Diocese Meets with Area Parishes for Long-Term Planning
Officials Say Church Closures Would Be a Last-Choice Option

By Rich Adams
Cheboygan Daily Tribune
August 22, 2008

GAYLORD, Mich. - A series of parish town hall meetings are being scheduled throughout Northern Michigan to determine the future of the various Catholic churches in the Diocese of Gaylord.

A shortage of clergy is prompting the Diocese to look at each church and come up with a list of long-term goals.

But that doesn't necessarily mean church closings, as was the case in the 1990s in Cheboygan County.

"The Parish and Personnel Task Force has been working for about two years," said Candace Neff, director of communications for the Diocese. "It is made up of people throughout the Diocese.

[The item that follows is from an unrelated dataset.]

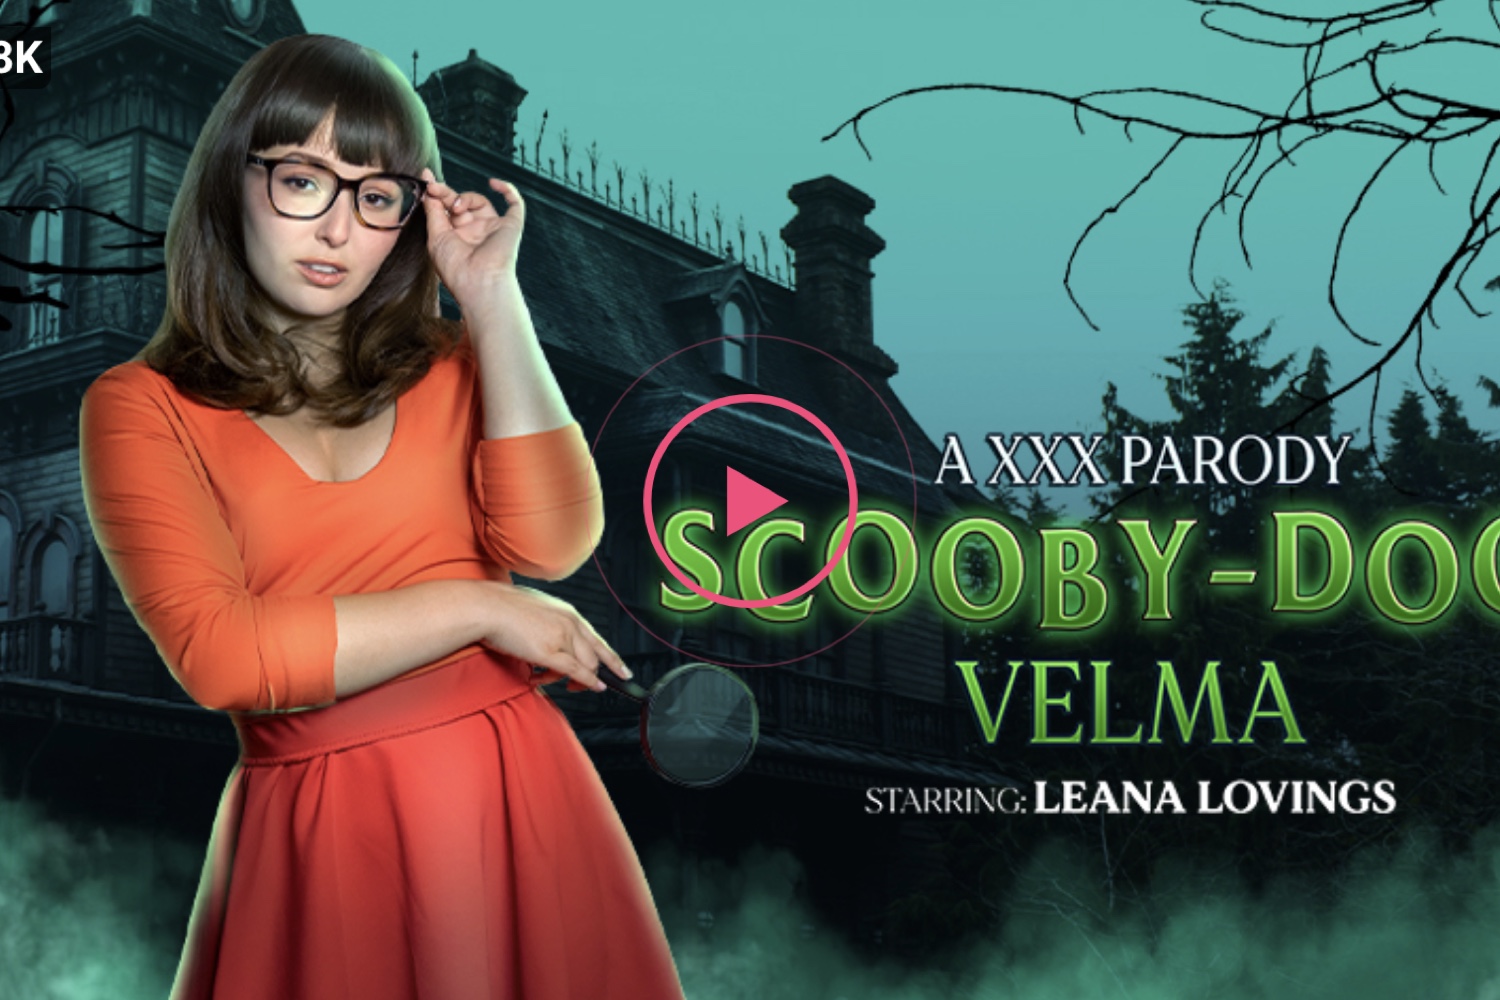 Scooby-Doo: Velma (A XXX Parody) - Leana Lovings VR Porn - Leana Lovings Virtual Reality Porn

It has worked on short-term goals, and is now working on the long-term goals."

The individual parish meetings will take place during the next few months and church officials will encourage parishioners to reflect on their churches.

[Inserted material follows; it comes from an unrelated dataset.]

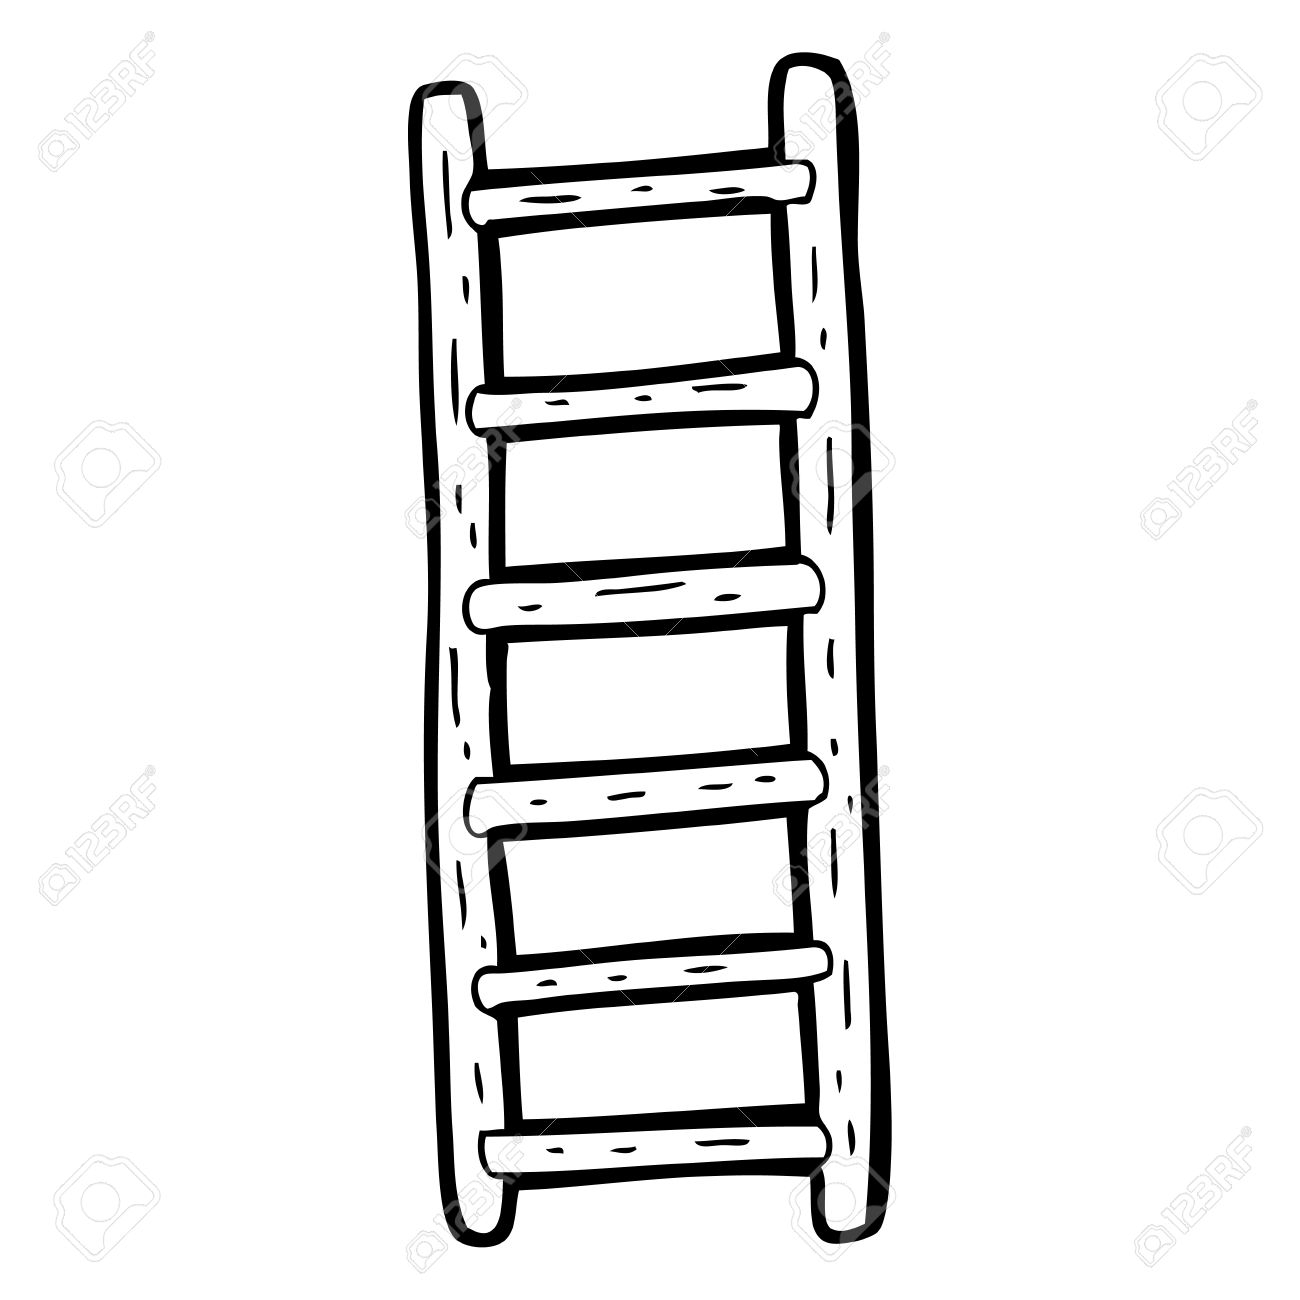 Ladder clipart, Ladder Transparent FREE for download on

"We will be having the meetings and individual churches will be asked to consider the strengths of their parishes and the challenges," Neff explained. "They also will complete a self-evaluation tool and return it to us, at which point we will look at what the parishes do and what their ministries are."

But does that mean closing doors on churches?

"Will it result in closed parishes? That's the last resort," Neff said. "That's not the first choice of anything, but might it happen? It might."

But how the results of the town hall meetings might affect local churches is still a ways in the future.

Straits-area churches that could be affected include St. Anthony's in Mackinaw City, St. Mary/St. Charles and Sacred Heart in Cheboygan, Cross in the Woods in Indian River, St. Clement in Pellston and St. Paul's in Onaway.

"We haven't even begun talking about what the future looks like," Neff said. "We need to get our information from the parishes and parishioners before we even start talking about closing churches."

Meetings for the two Cheboygan parishes are scheduled in September, Neff said.

According to a Diocese newsletter, current projections indicate that by the year 2010 the Diocese of Gaylord will have approximately 30 active priests to care for the needs of 81 parishes. The Diocese encompasses more than 11,000 square miles with 81 parishes and 17 Catholic schools, including Cheboygan's Bishop Baraga School. only 25 parishes have their own dedicated pastor, or a priest serving as an administrator, according to the newsletter. Forty-nine parishes in the Diocese share a pastor, three parishes are served by a parish life coordinator and two are in the care of a lay administrator. Those five parishes depend on a sacramental minister to provide sacramental care, usually a retired priest or a preist from a neighboring parish. Four parishes currently have no weekend masses.

Church closings were an issue in Cheboygan County in the 1990s, when several of the smaller churches were shuttered. Sacred Heart in Riggsville was on the list of churches to close, but parishioners maintained a vigil inside the church and officials relented and kept the parish intact.

According to a July article in the Toledo Blade, Sister Christine Schenk, a member of the Sisters of St. Joseph religious order and the executive director of the Catholic reform group FutureChurch says the priest shortage is cause for concern.

Schenk said there are 18,000 active diocesan priests in the United States today, and if present rates of ordination, retirement, and death continue there will be 11,500 priests 20 years from now.

Meanwhile, the number of Catholics in the United States has been rising from 45 million in 1965 to more than 63 million today. She adds that there are 550 parishes in the United States that are led by parish life coordinators.